3 Ways to Support Someone Who Is Experiencing Abuse

two women talking on a couch

If you’re concerned that someone you care about may be experiencing abuse, you might feel clueless about the best way to help. Don’t let a fear of saying the wrong thing prevent you from reaching out. Here are three ways to support someone experiencing abuse.

1. Respect Where They’re At

There may be a situation in which you reach out to a friend and are told they aren’t interested in pursuing the conversation any further. That’s okay. Keep in mind that there are many different forms of abuse and many people may not recognize that they are in an abusive relationship. It may feel frustrating to not be able to do more but know that you’re already doing a lot

by simply letting your loved one know that you can

offer a safe, judgment-free space to talk.

2. Acknowledge and Support

If your loved one reaches out for support, acknowledge that they are in a very difficult and scary situation. Focus the conversation on your friend or family member, not the abusive partner, and let them know that the abuse is not their fault. Everyone deserves a healthy, violence-free relationship. You can remind them that they are not alone and that you will always be there and will respect their decisions. There are many reasons why people may choose to stay in an abusive relationship and leaving can be a very dangerous time. No one knows the relationship better than the people in it, so we must give them the power to do what they feel is right.

3. Offer Resources

There are many practical ways you can help someone who is experiencing abuse.

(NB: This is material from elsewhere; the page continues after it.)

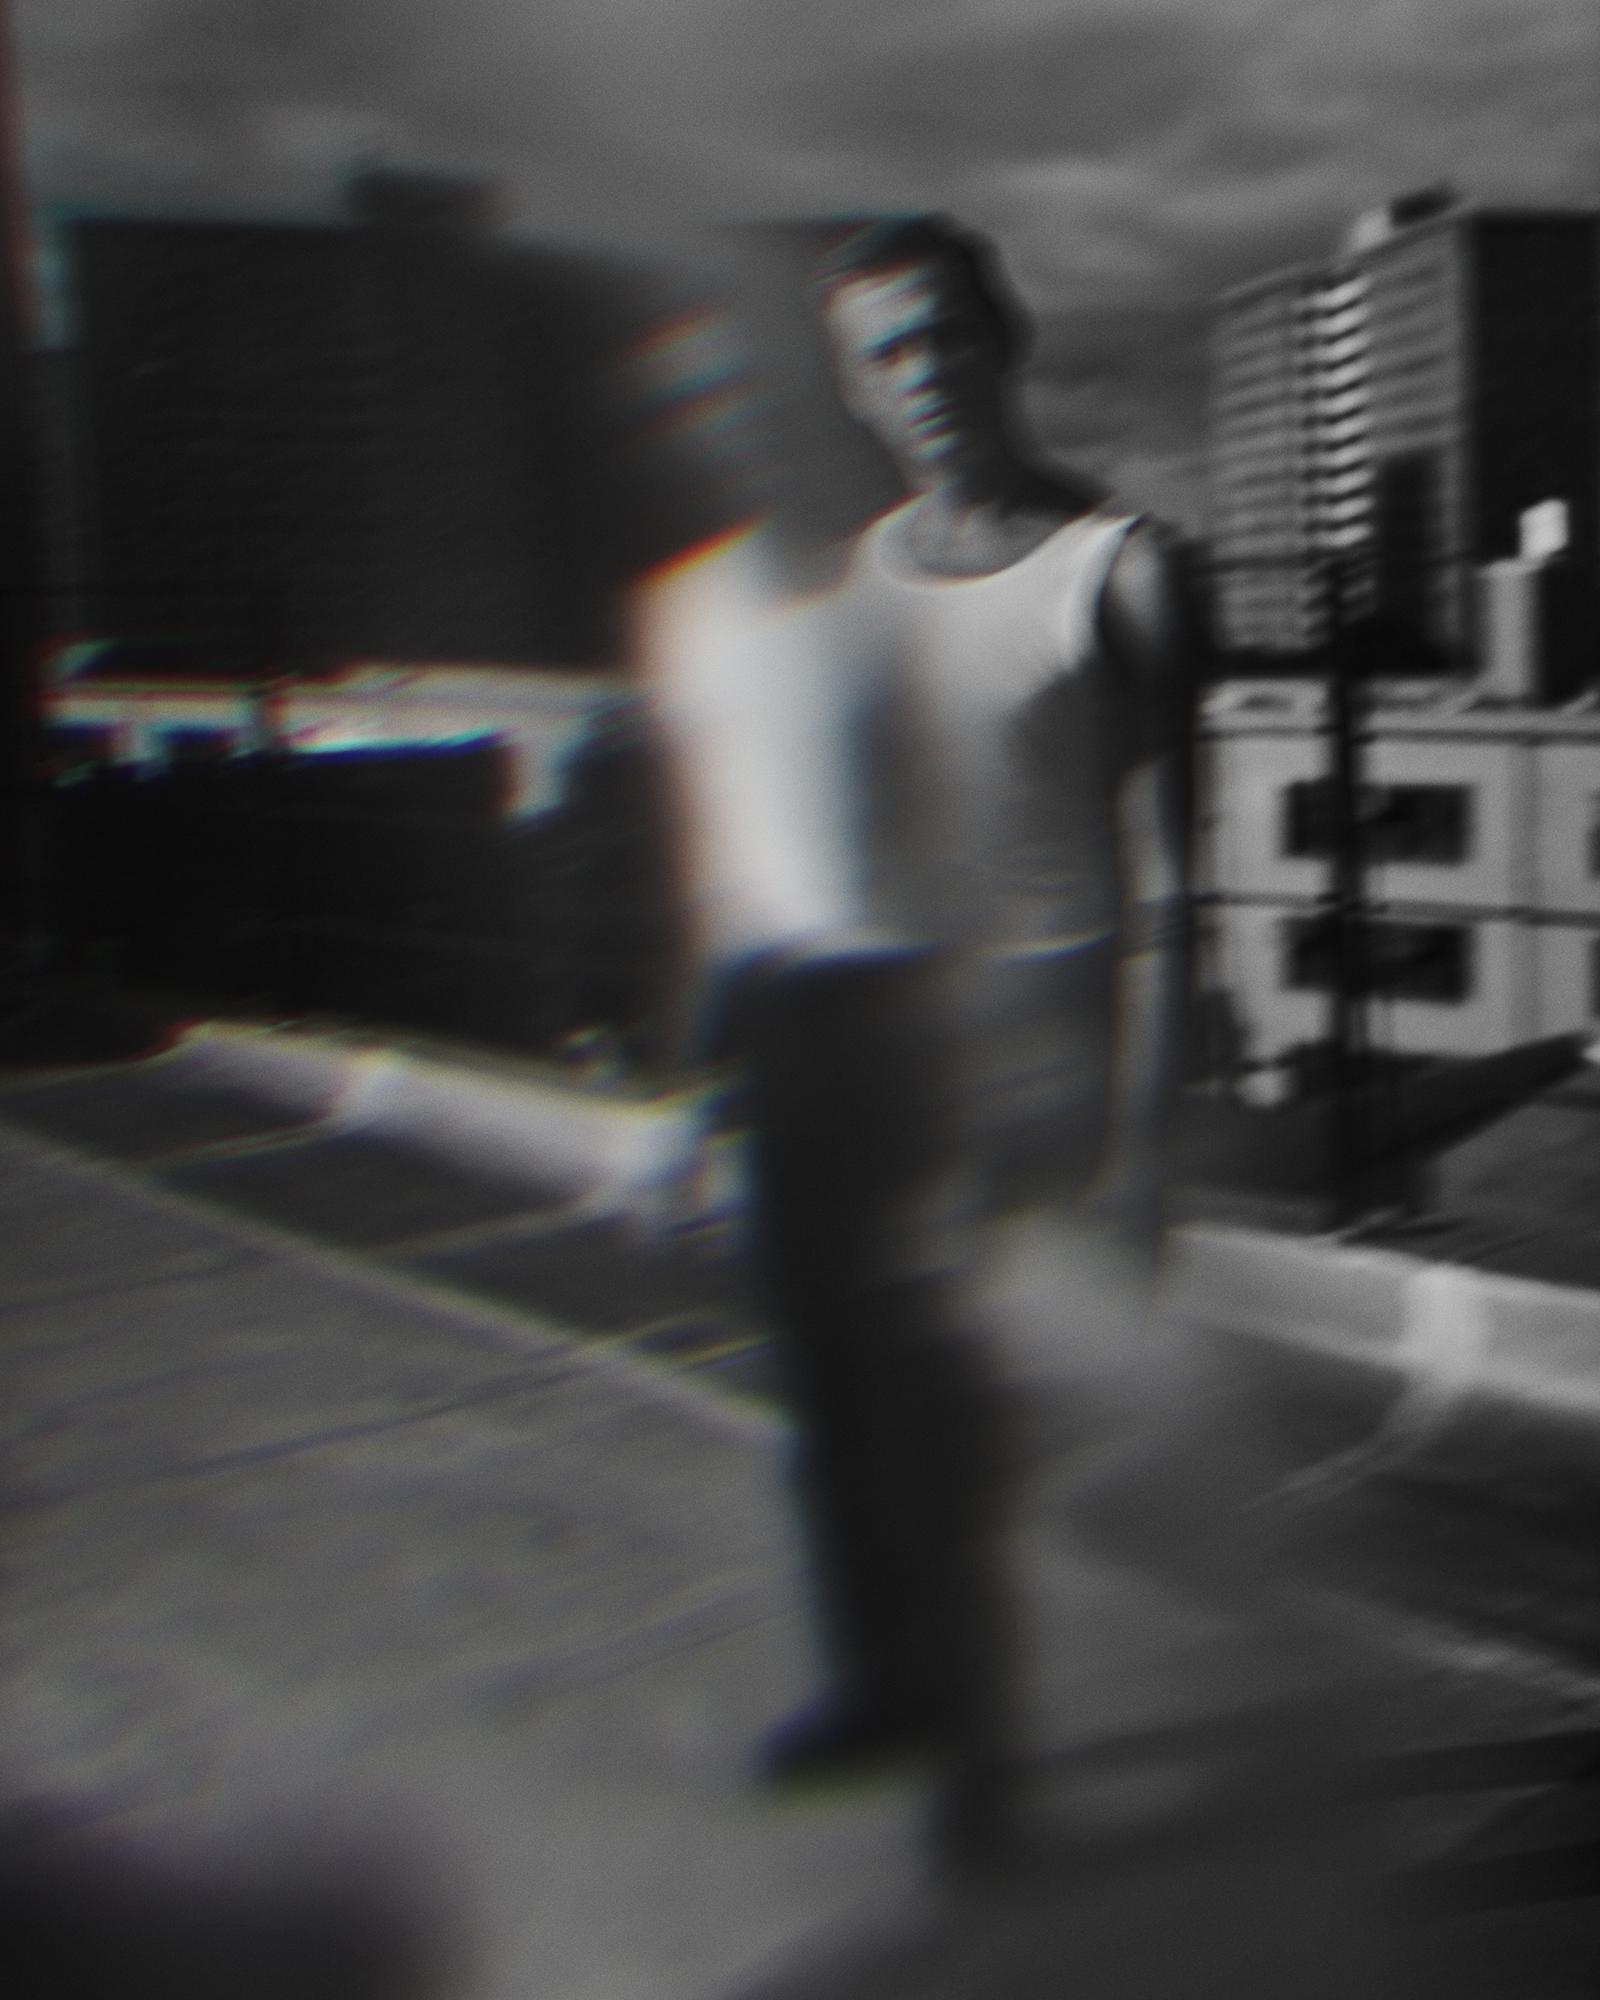 Pablo-Espinoza-Photographer-AMP-Mag-03

1. Offer information. Connect your loved one to resources in their community that can give them information and guidance. You could share resources like ShelterSafe or the Assaulted Women’s Helpline. Make sure they know how to search safely online for resources (i.e. using an incognito browsing window, deleting their browser history, etc.). If they don’t feel safe searching on their own device, you can offer to do some research for them.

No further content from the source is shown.